— Затерянный мир — так бы я назвал это, — пробормотал Виктор, глядя на Франческу сверху вниз. — Кстати, прекрасная музыка. Что это?

— Концерт Рахманинова для фортепиано номер два, си минор. — В этот момент одна сторона пластинки закончилась, и Франческа быстро направилась к проигрывателю, стоявшему на тумбе рядом с камином. — Хотите дослушать до конца?

— Конечно, мне очень нравится.

Франческа поставила другую сторону пластинки и вернулась к Виктору.

— Диана подумала, что вы не захотите выйти сегодня на лыжах после перелета.
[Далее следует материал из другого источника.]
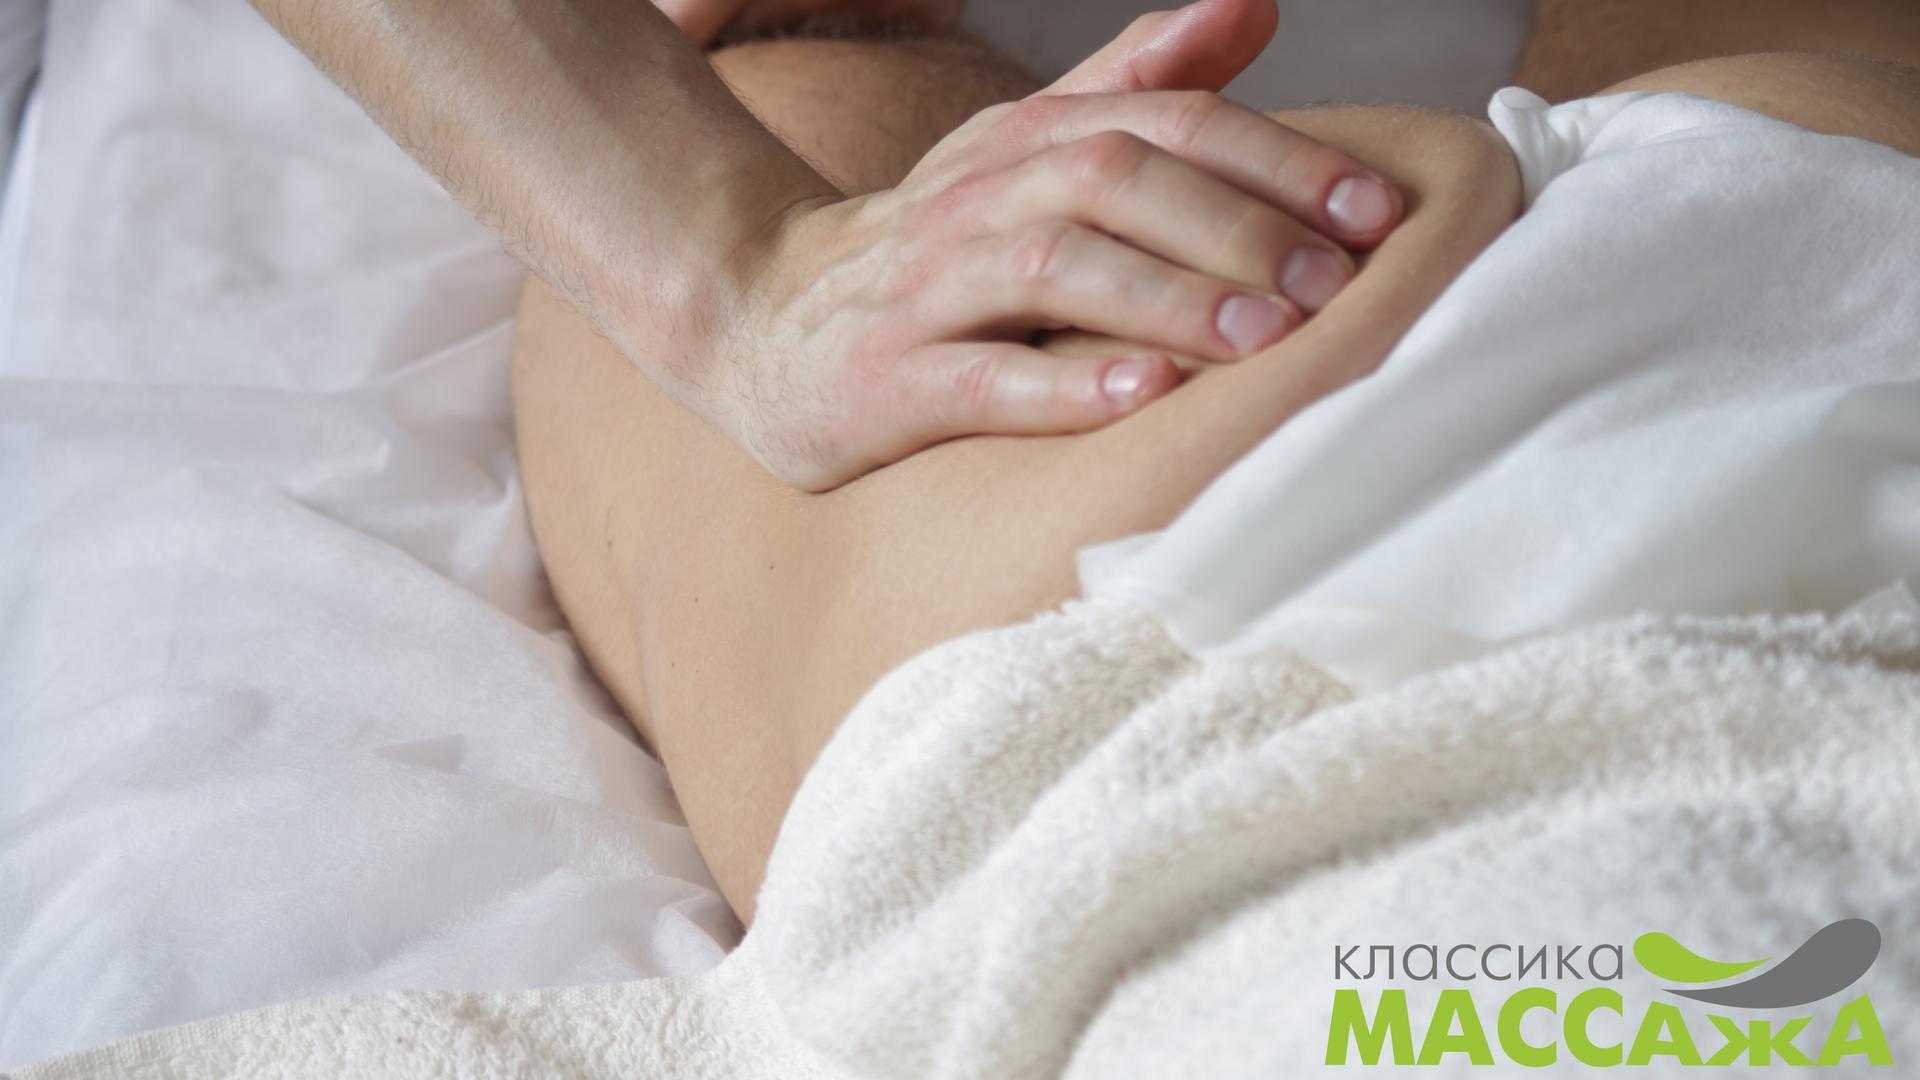 Секс принудительный на массаже, Порно видео с массажем, делает массаж парню 9 фотография

Поэтому у нас будет длинный роскошный обед. Но после него мы сможем отправиться на прогулку, если вы захотите. Лес стоит совершенно великолепный. Подойдите к окну и посмотрите на вид из…
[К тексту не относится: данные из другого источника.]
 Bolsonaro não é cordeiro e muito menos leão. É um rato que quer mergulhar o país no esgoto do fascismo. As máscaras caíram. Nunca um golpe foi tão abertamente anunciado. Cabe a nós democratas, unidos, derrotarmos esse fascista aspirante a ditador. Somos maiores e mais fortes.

Она прервалась на середине предложения, потому что дубовая дверь в дальнем конце комнаты открылась, и в проеме появился седой мужчина средних лет. Он был одет в узкие зеленые брюки и баварский жакет с высоким вырезом на шее.

— Gnadige Frau… — Он почтительно остановился в ожидании ответа.

— О, Манфред, входите, входите, пожалуйста. Виктор, это Манфред. Именно он облегчает нашу жизнь здесь. Манфред, это герр Мейсон. — Франческа говорила медленно, тщательно выговаривая каждое слово.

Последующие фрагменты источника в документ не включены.